The march was in support of Tommy Robinson, the founder of the far-right English Defence League, who was jailed last week in England for contempt of court.

Notorious unionist councillor Jolene Bunting organised the protest at which loyalists made Nazi salutes outside Belfast City Hall. Black and yellow flags of the extreme racist group Generation Identity were displayed at the rally, and there were a series of inflammatory speeches by Bunting and other prominent figures of Britain’s far-right.

SDLP representative Donal Lyons, who has previously filed complaints regarding Bunting’s behaviour, said it is not hard to understand the message the extreme unionist was trying to send.

“Bringing a group of men, many of whom came over from England especially, to mill around outside Belfast City Hall throwing Nazi salutes, waving white supremacist flags and shouting about their racism, is as clear a signal as you could find,” he said.

Councillor Lyons said the demonstration should not be dismised as a “few isolated individuals with anger issues” but warned if left unchecked, “they will in time pose a threat”.

Loyalists have also provocatively erected an ‘Orange Arch’ in north Belfast. It took place with the active support of the PSNI police, who blocked the road while the arch was being raised.

Activists from the Belfast branch of republican political party Saoradh condemn the structure and the PSNI’s involvement. Posting on Facebook, a party spokesperson said: “Having been contacted by local residents, Saoradh Beal Feirste condemn the annual display of sectarian bigotry via an illegal Orange arch in the centre of Glengormley being built this evening.”

Pointing to the changed demographics of Glengormley which show the immediate area is mainly nationalist, the spokesperson said the display should be removed immediately “as it simply exists in order to try and intimidate the majority community in the local area”.

Meanwhile, an application by a newly constituted branch of the anti-Catholic Orange Order to march through a largely nationalist area of north Belfast has drawn criticism from Sinn Fein. Led by Gerry Kelly, a Sinn Fein delegation met the Parades Commission to protest. He said there had already been a significant number of objections from residents.
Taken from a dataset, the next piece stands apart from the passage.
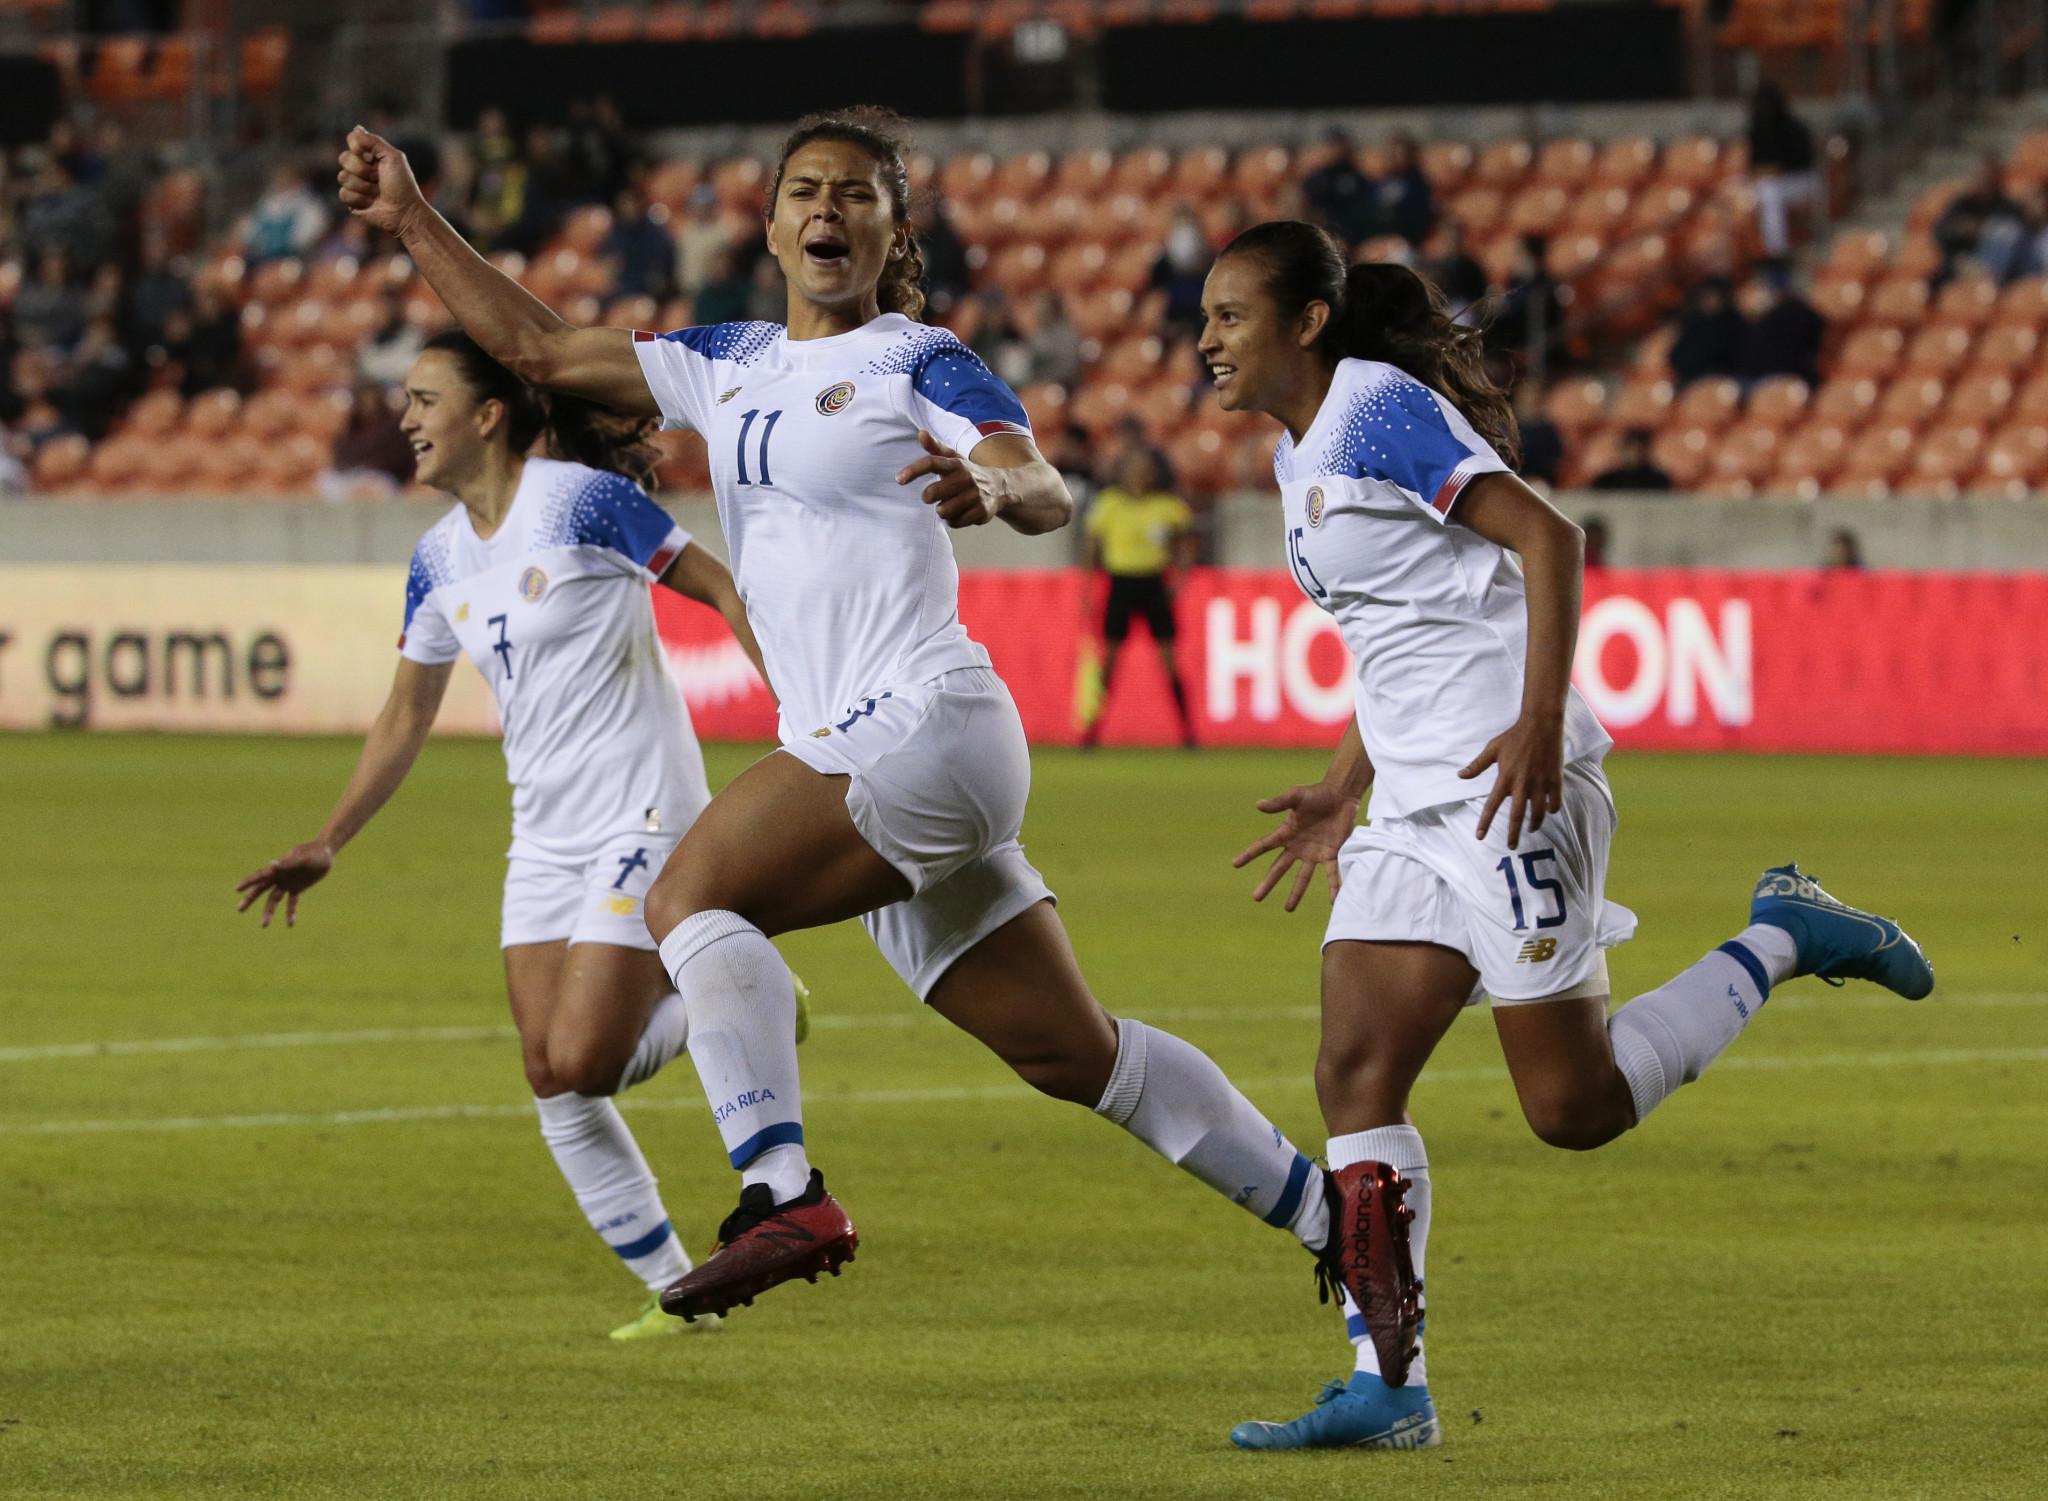 La CONCRC supervisa los deportes olímpicos y no olímpicos en Costa Rica, incluido el fútbol © Getty Images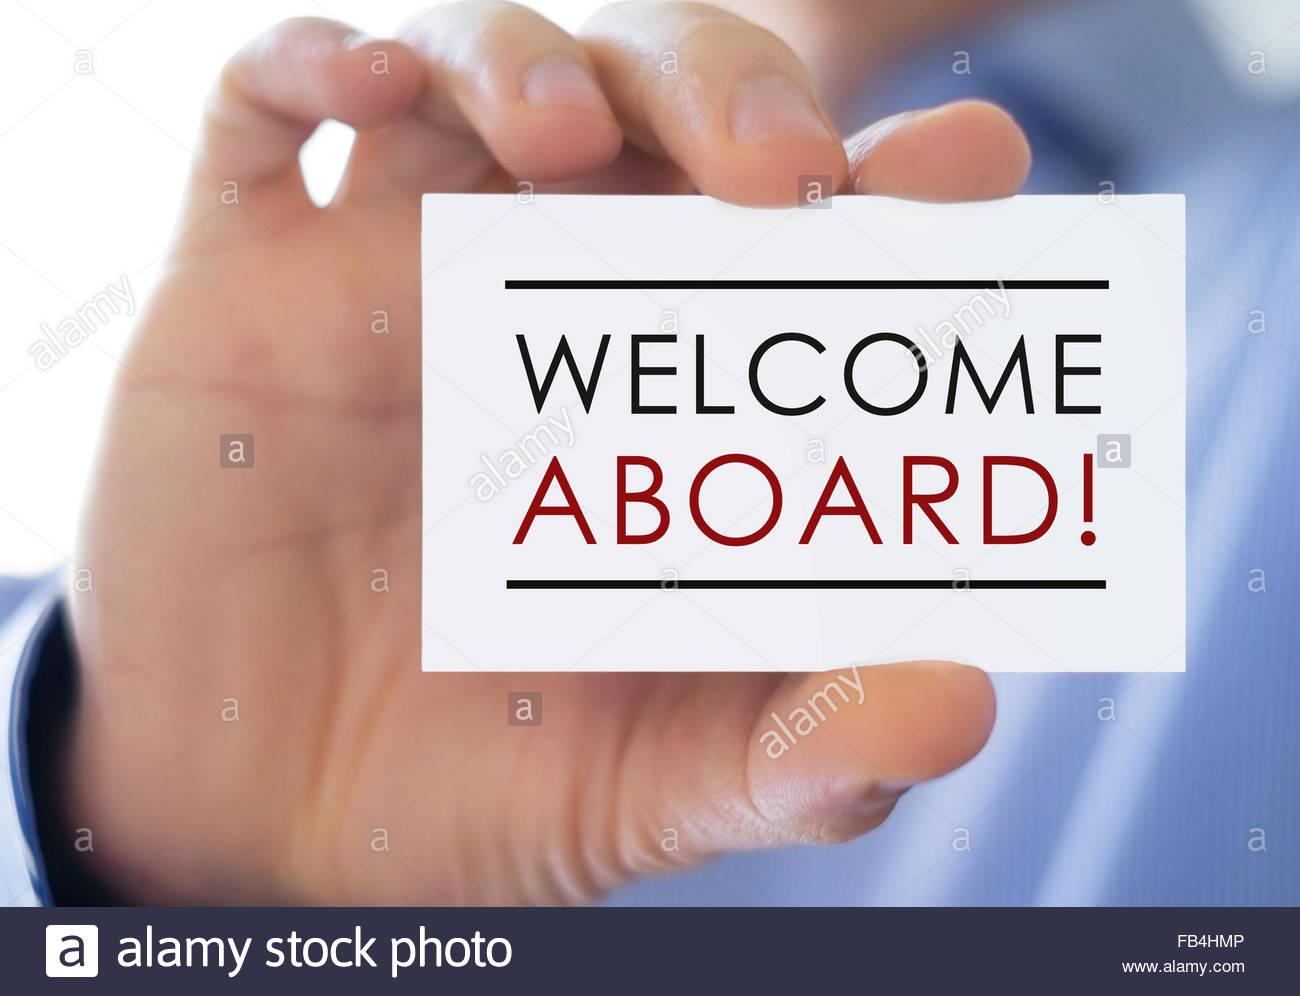 Benvenuti a bordo - business card Immagini Stock

Saoradh’s Dee Fennell and long-time campaigner against sectarian parades in north Belfast was scathing of Kelly’s intervention. “Sinn Fein opposes Orange marches in their new leafy suburb heartlands, but facilitates them in Ardoyne,” he tweeted.

But Mr Kelly said there had never been a parade by in the area previously. “We have received several calls and emails from residents worried and angered by this development. It is a mixed area and clearly this application would create tensions if approved,” he said.

“I urge those involved not to go ahead with their planned march out of respect for community relations. The last thing north Belfast needs is another contentious parade.”